# Google Maps for ICW



## EpicAdventure (May 18, 2006)

(I just posted this on CF -- I'm not sure where the better spot is to post this...)

As we cruised down the ICW last year, I often wished that there was a Google Maps with ICW specific information -- everything from the magenta line itself to Anchorages, West Marines, Free Docks, etc. I really wanted to be able to search and see what anchorages were there within a day of my current position that were greater than our draft.

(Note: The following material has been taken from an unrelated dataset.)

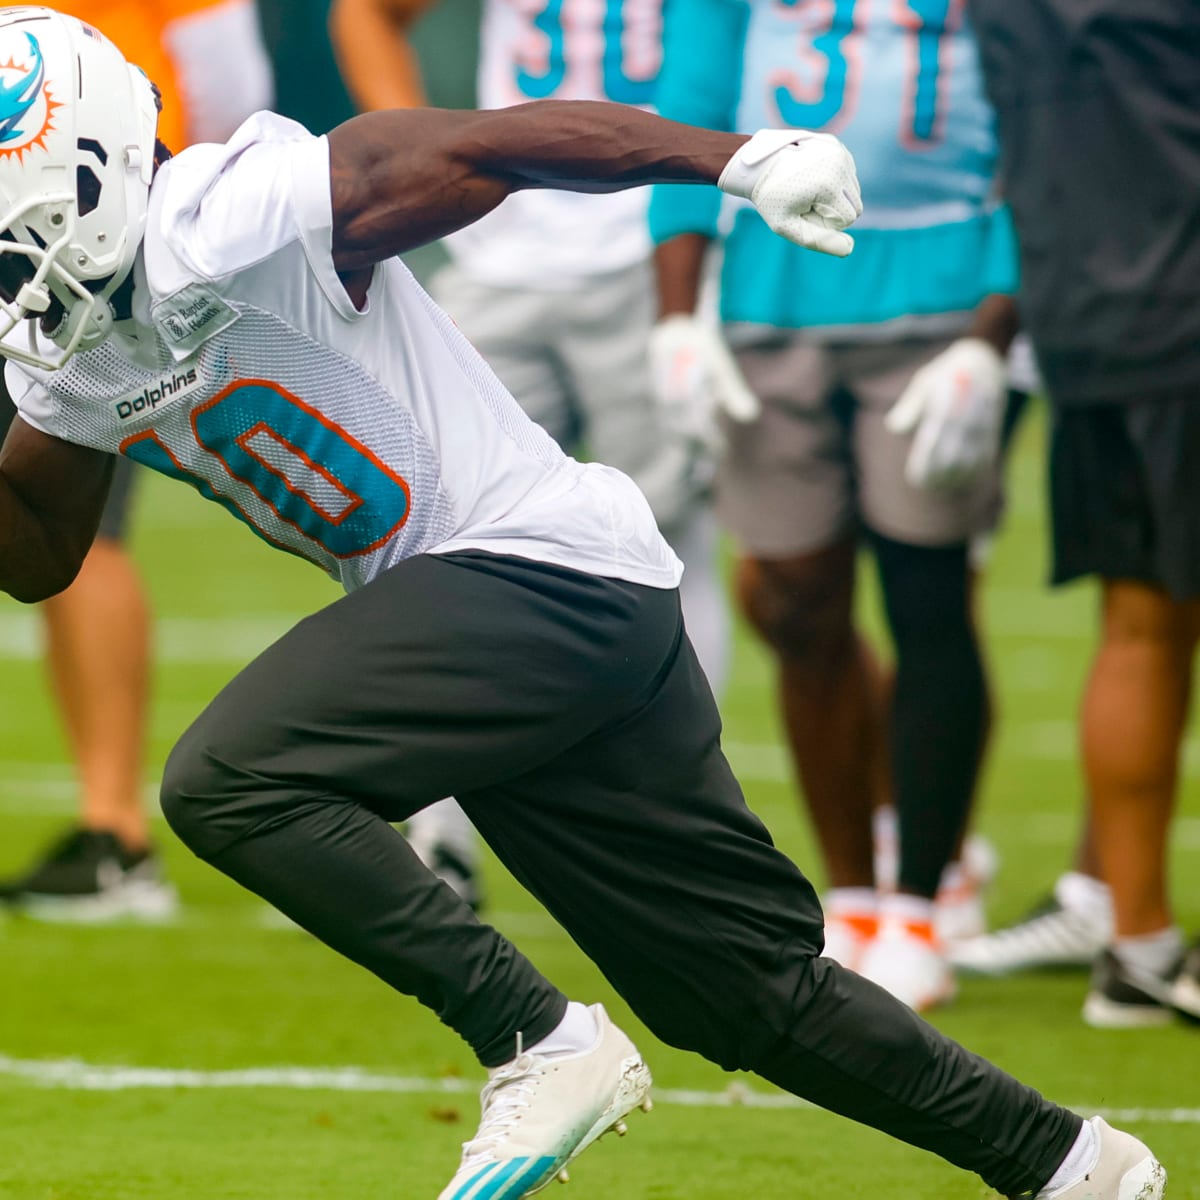 Fantasy Football: 2022 Wide Receiver Draft Approach

I never really found anything that I really liked so I thought that maybe I could develop something myself (maybe a big mistake!).

I have created a site that is still VERY EARLY IN THE DEVELOPMENT process: http://clearboxsolutions.com/icw I started working on it hard but have lost a little bit of steam. I would appreciate feedback from anyone to determine if it is worth continuing development effort.

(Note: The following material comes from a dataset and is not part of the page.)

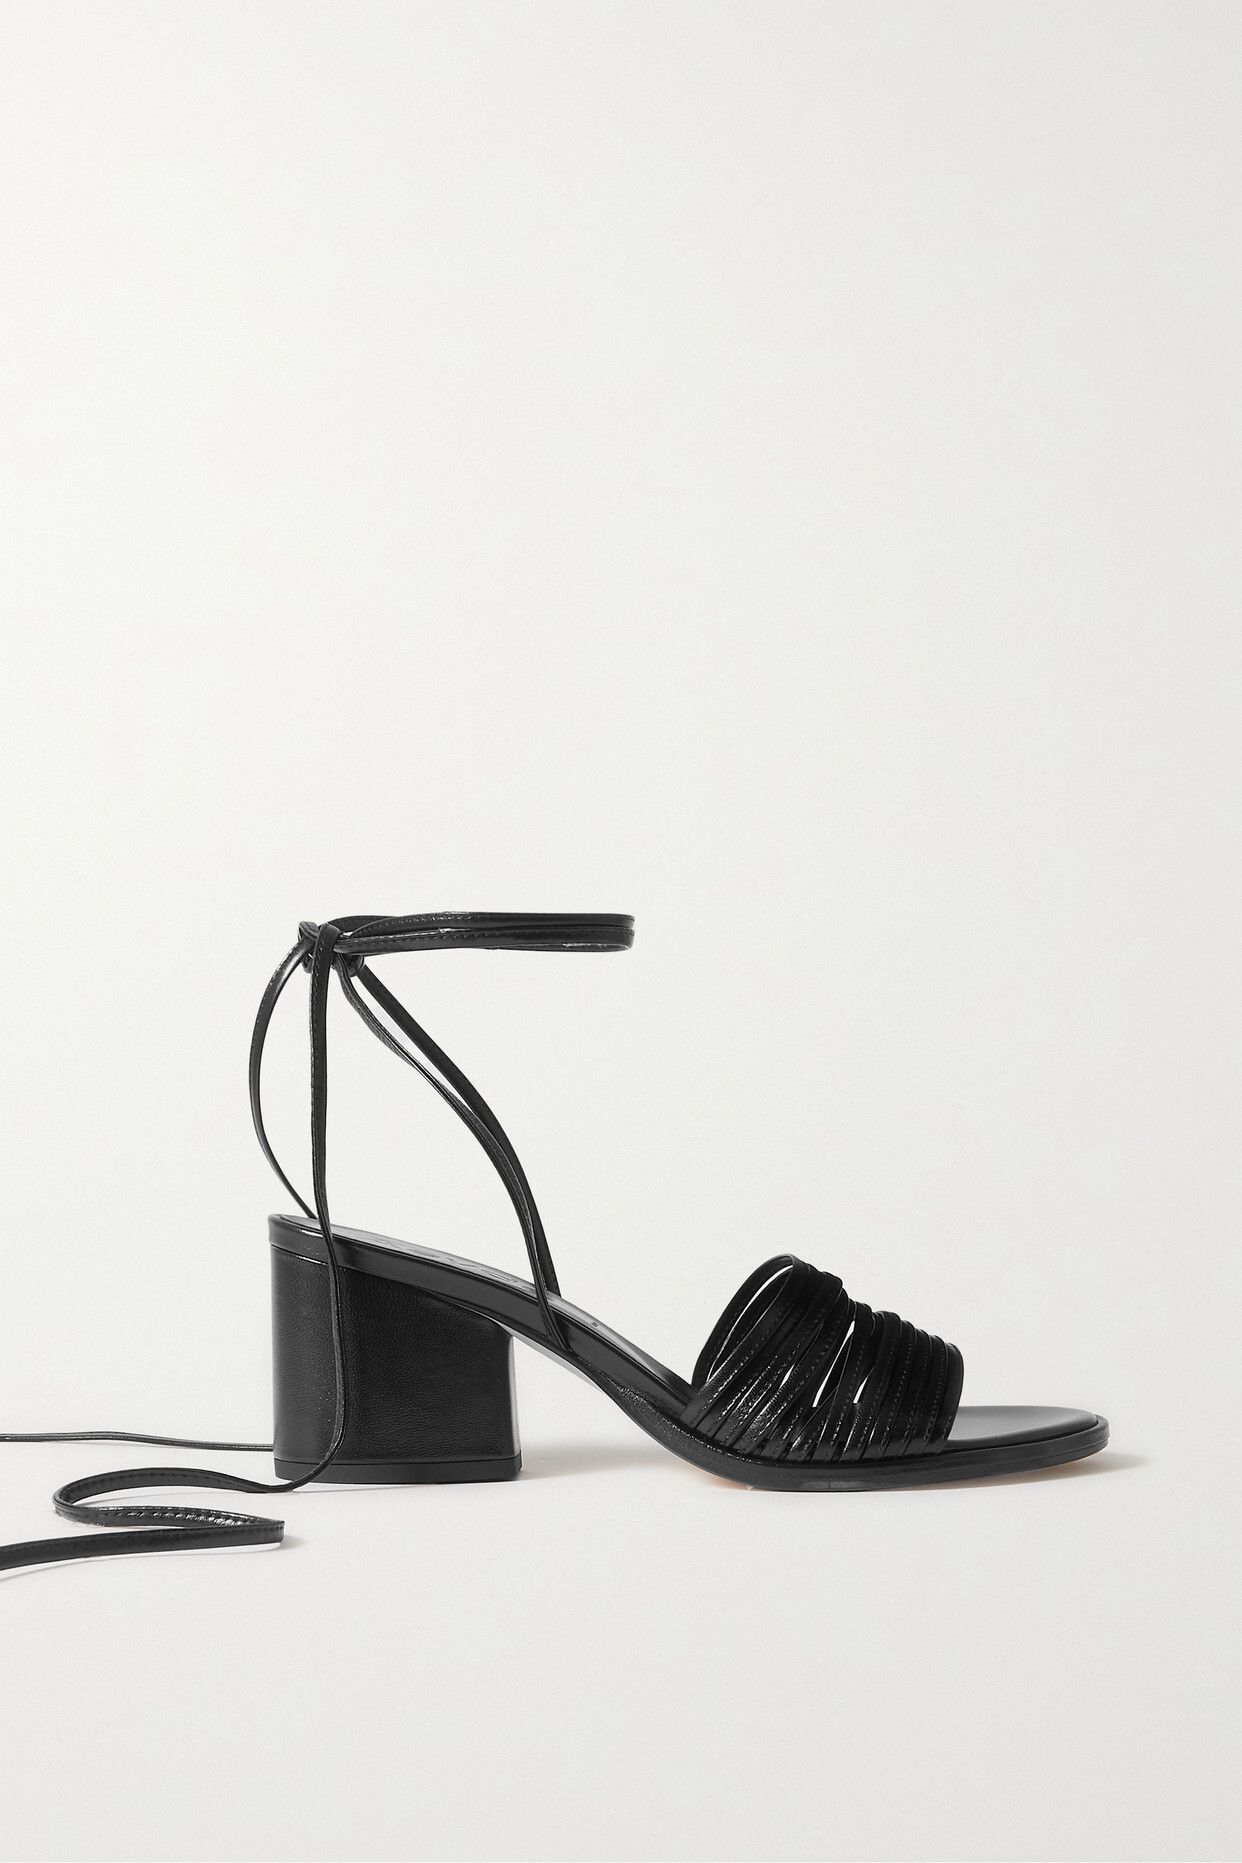 aeyde - Natania Leather Sandals - Black

I envision it as a Wikipedia type site where users can add and modify any entries (I know that I certainly wouldn't be able to keep it up to date with everything).

It has many know issues:

* The SQL server seems to run really slowly on the service provider I'm using (GoDaddy.com). This makes the map content load fairly slowly. I have seen it take as long as 30-60 sec for the query to run that populates the magenta line!! I think this is a matter of getting a better hosting option at some point.
* It doesn't geolocate (determine where you are) right now. It always loads up at mile 0 in Norfolk.
* There is no decluttering if a lot of stuff gets added and you zoom way out.
* There is no mechanism to delete entries. I don't know how to handle this. Maybe have a link to a form that sends an email to me suggesting removal?
* I have done the development on Firefox. I have no idea if or how well it runs with other browsers. I do know that it doesn't load on my Android phone work a dang!
* Lots of features that I would like to add: Panoramio layer, online help, Android app,...

Thanks!
Mike


----------



## RonRelyea (Nov 18, 2009)

*re: google maps for icw*

have you checked out activecaptain.com ??? interactive cruising guidebook


----------



## ebs001 (May 8, 2006)

Try Skipper Bob's guides. All the work has been done. I have always used "Anchorages Along the ICW" and "Marinas Along the ICW". At a total cost of $32.00 they cannot be beat for value and they contain all the anchorages distances depths, marinas and their services, shopping. Thousands of hours went into them with in put from hundres of boaters. No need to re-invent the wheel. 
Publications available here. http://www.waterwayguide.com/shipstore/index.php?cPath=29


----------



## SVAuspicious (Oct 31, 2006)

For online material ActiveCaptain.com is the best there is, and it is great. On paper I like the Stockwell guide (much like AAA triptiks). I have the Skipper Bob guides but find I don't use them much. I do tend to avoid the ICW in favor of going outside as much as possible so my perspective may be a little unusual.


----------



## wingNwing (Apr 28, 2008)

I'm also a fan of cruisersnet.net - its crowdsourced, but moderated. Good info down the ICW. If the info was all in one place, mappable as Epic described, and didn't take too much bandwidth to download, I'd be in my happy world...


----------



## CaptainForce (Jan 1, 2006)

I like the advise above, but I would comment about your referrence to the "Magenta Line". The real world trumps the magenta line and many a cruiser has run aground on the magenta line! There are many dynamic areas of the ICW that should never have been cursed with the magenta line. Take care and jnoy, Aythya crew


----------



## EpicAdventure (May 18, 2006)

It looks like ActiveCaptain really does what I had in mind. Looks like a really nice site.


----------